I didn’t expect the co-coaching thing to happen, but I’m honestly happy it did. It’s a better transition for me. It’s easing into it vs. being thrown in (which I’m accustomed to). I can see what is working or isn’t, what should be said or not, and adjust.

I’m having a very positive experience and not letting any stuttering get in the way. Now they are talking about spring sports and needing volunteers. And I’m not even hesitating to volunteer. If my daughter wants to do softball, I’ll happily sign up as a coach.

My 2017 Stuttering Plan

That’s right! I have a plan for how much I’m going to stutter this year. Not really.
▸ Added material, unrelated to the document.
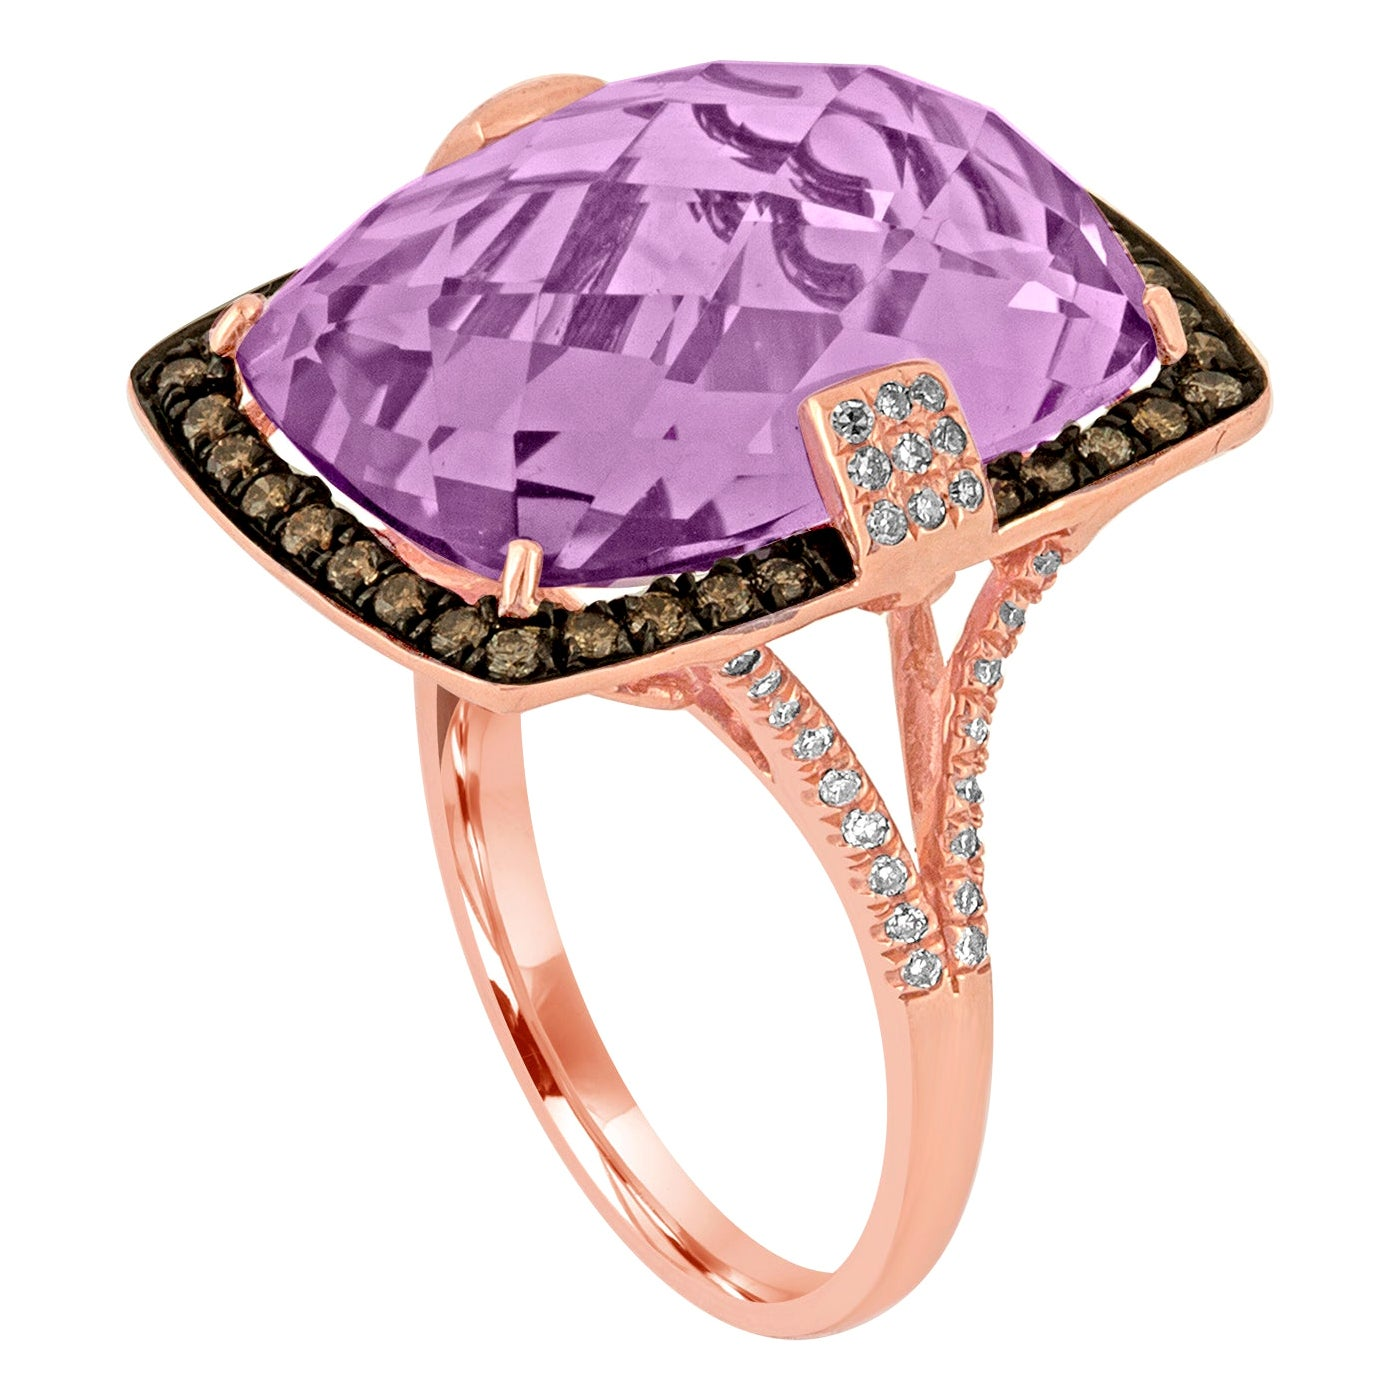 13.93 Carat Radiant Checkerboard Cut Amethyst Diamond Gold Ring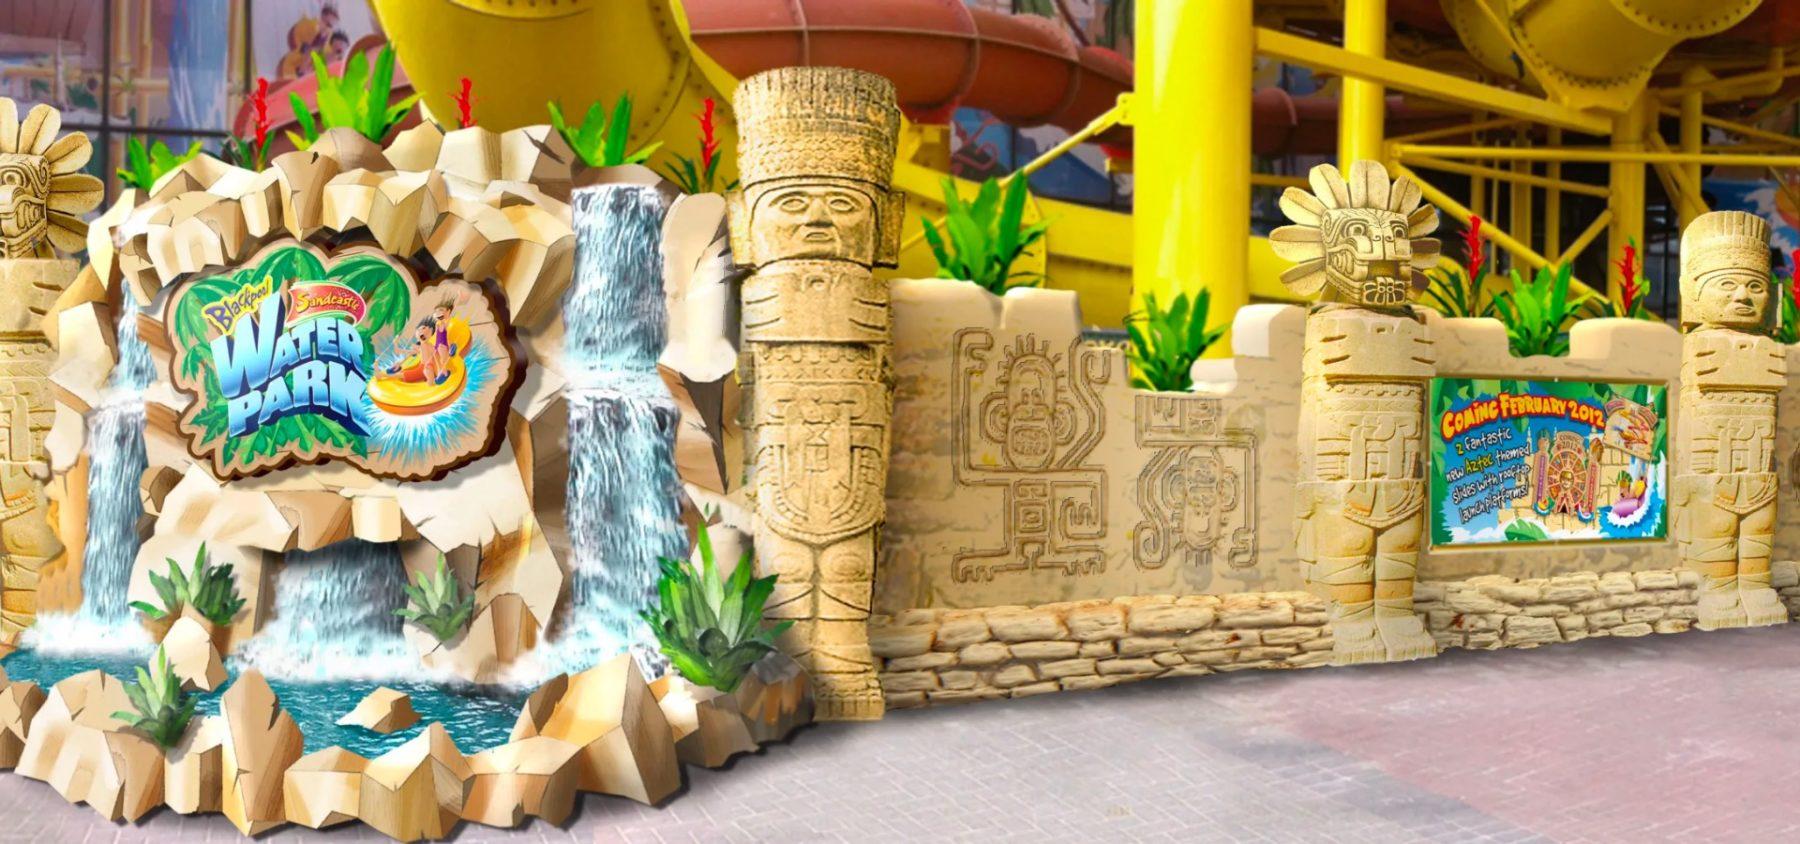 Sandcastle Waterpark Aztec area

I looked back at the beginning of 2016 — what were my resolutions on this site for stuttering? Avoid less? Engage more? Sadly it turns out I didn’t blog at all in January 2016 so … guess I didn’t have anything to work on!

If you’ve somehow managed to read this blog for enough months, you’ll notice my enthusiasm (maybe that’s not the right word) for posting has dropped off a lot in the past few months. It was great in the first year (as expected). I talked about all this with a close friend, and it was suggested I just set a simple goal and work toward that.

So let’s do that. Two posts a week.

There’s no shortage of what to blog about — my own life, movies, pop culture, articles out there, international conferences, and of course the annual NSA conference.

What works for everybody? Tuesdays and Fridays?